タイヤに打ち込んだピンにより、雪道や凍結路でも滑らずに安定して走行することができます。
タイヤチェーンと違い、着脱の必要もないので、かつては積雪寒冷地域を中心に冬期の主流な常用タイヤでした。
スパイクタイヤに代わって、積雪寒冷地の冬用タイヤとして一般的に使用されるようになったのがスタッドレスタイヤです。
スパイクタイヤが、タイヤに打ち込んだピンにより雪道や凍結路でも安定した走行ができるのに対し、スタッドレスタイヤは、柔らかいゴムが低温の道路でも路面に密着することで雪道や凍結路でも安定した走行が可能となっています。
スパイクタイヤは、ピンがアスファルトの路面を削ることで粉塵を巻き上げるなど環境面で大きな欠点を持っています。
一方、スタッドレスタイヤはピンを打ち込んでいないので、環境問題を引き起こすこともありません。
こうしたことから、今では積雪寒冷地の冬用タイヤの主流となっているのです。
積雪寒冷地の冬用タイヤの主流であったスパイクタイヤですが、路面が乾くとタイヤに打ち込んだピンが、道路のアスファルトを削るため粉塵公害の原因となってしまいました。
仙台市では、スパイクタイヤによる粉塵が街中に舞う「仙台砂漠」が社会問題になり、多くの人が外ではマスクをつけたといいます。
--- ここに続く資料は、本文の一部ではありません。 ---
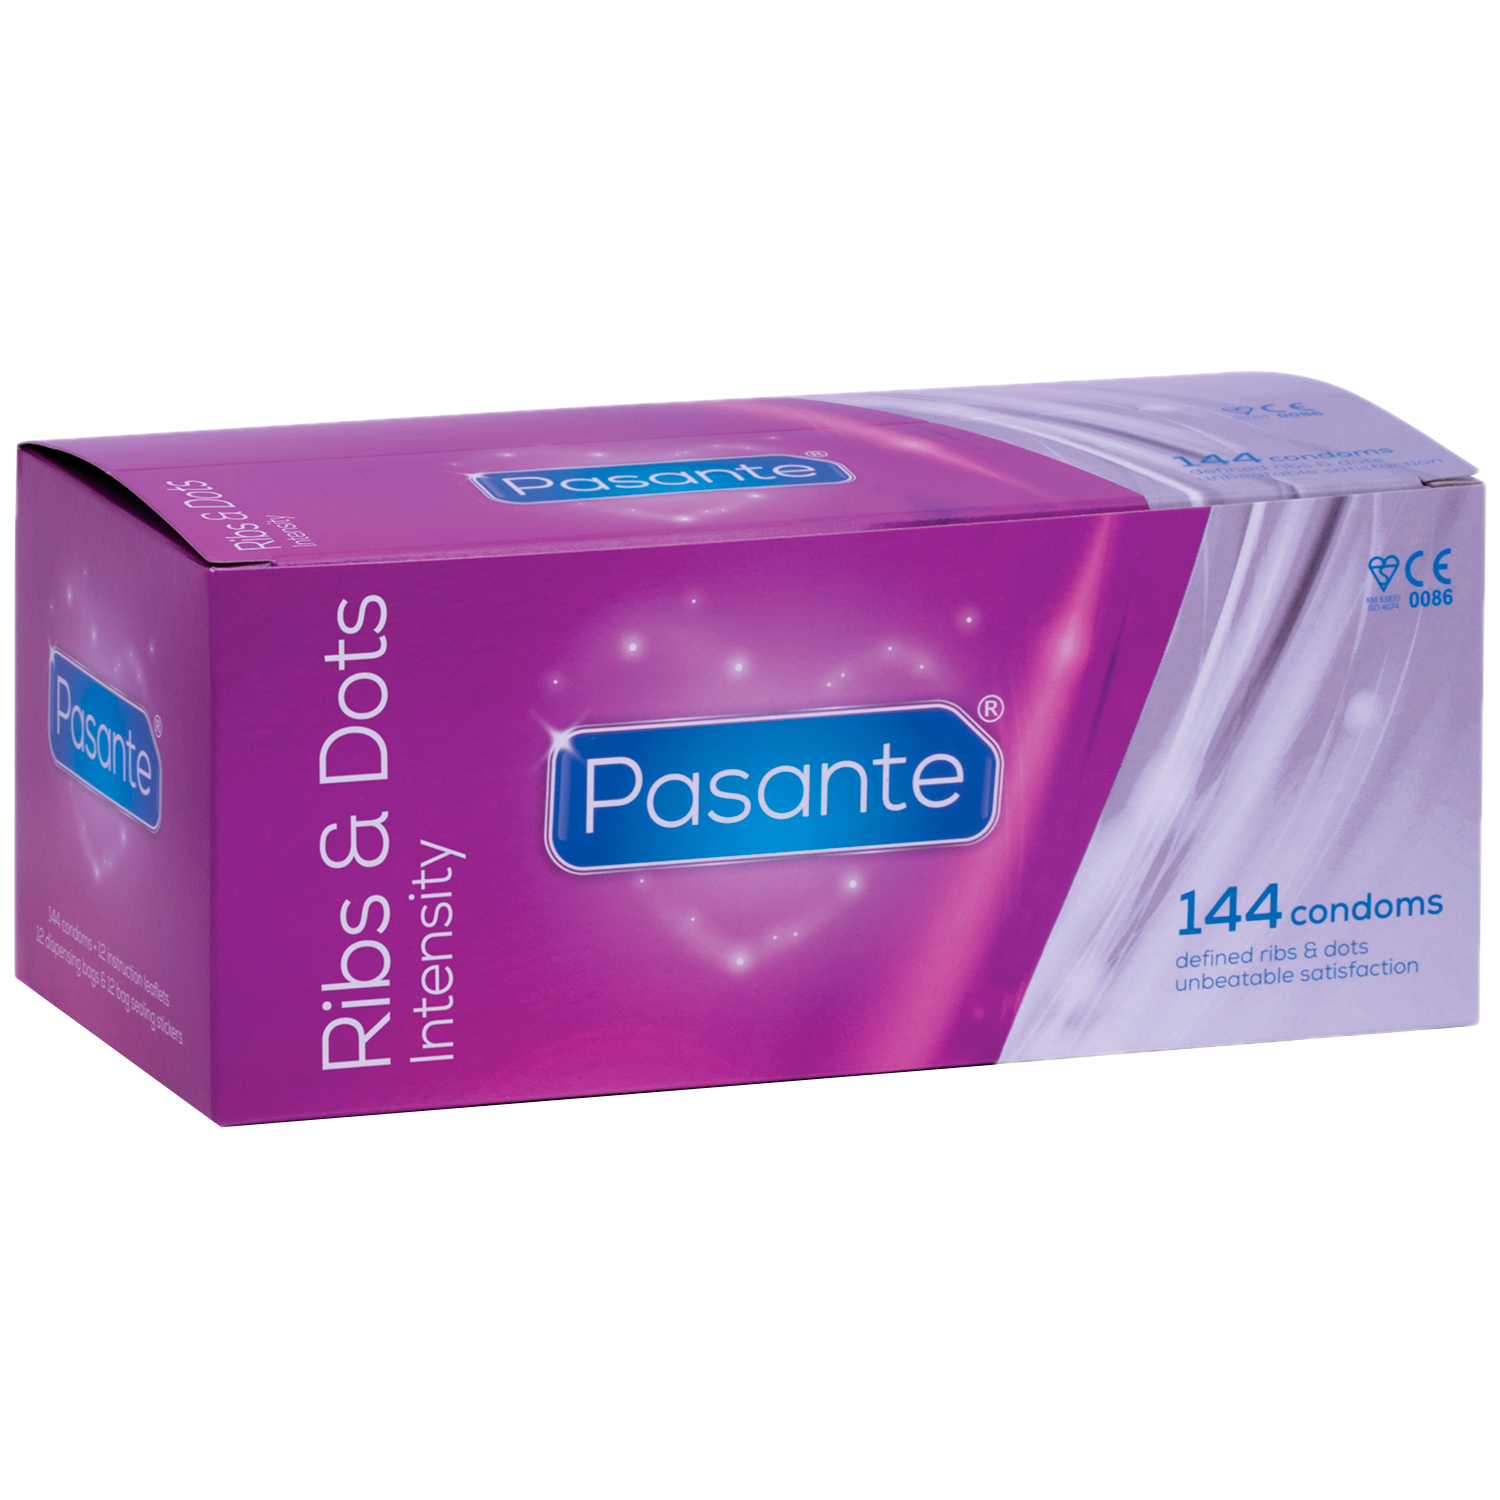 Pasante Intensity Ribs & Dots Kondomer 144 st - Pasante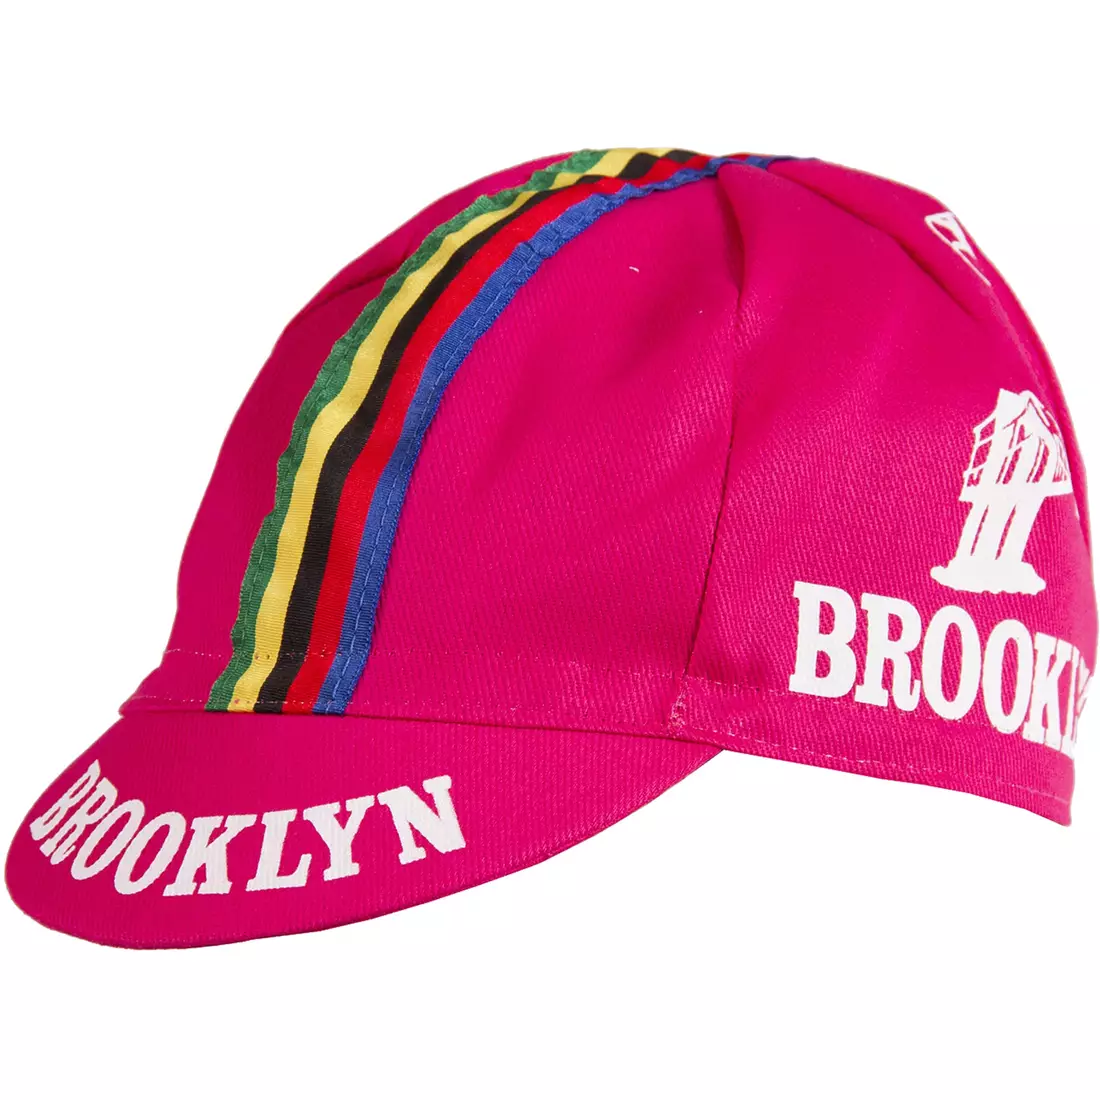 GIORDANA SS18 kerékpáros sapka - Brooklyn - Rózsaszín csíkos szalaggal GI-S6-COCA-BROK-PINK egy méret

こうしたことから国は「スパイクタイヤ粉じんの発生の防止に関する法律」を1990年に公布し、禁止規定も1991年4月1日に施行されました。
同時に国内大手タイヤメーカーも1990年でスパイクタイヤの製造を中止し、1991年3月をもってスパイクタイヤの販売も中止しています。
大手タイヤメーカーがスパイクタイヤの製造を中止するなど、一般的にほとんど使用されなくなったスパイクタイヤですが、「スパイクタイヤ 粉じんの発生の防止に関する法律」では、スパイクタイヤの使用を全面的に禁止しているわけではありません。
「スパイクタイヤ粉じんの発生の防止に関する法律」第7条では、指定地域内の道路が積雪や凍結状態にない場合に、スパイクタイヤを使用することが禁止されています。
また、消防自動車や救急自動車など、政令で認められている車両に関しては禁止規定の対象から外れており、どのような状態においてもスパイクタイヤを装着してもよいことになっています。
上記の通り、スパイクタイヤは、指定地域内では積雪や凍結がない道路で使用してはいけません。
指定地域に関しては「スパイクタイヤ粉じんの発生の防止に関する法律」で以下の通り規定しています。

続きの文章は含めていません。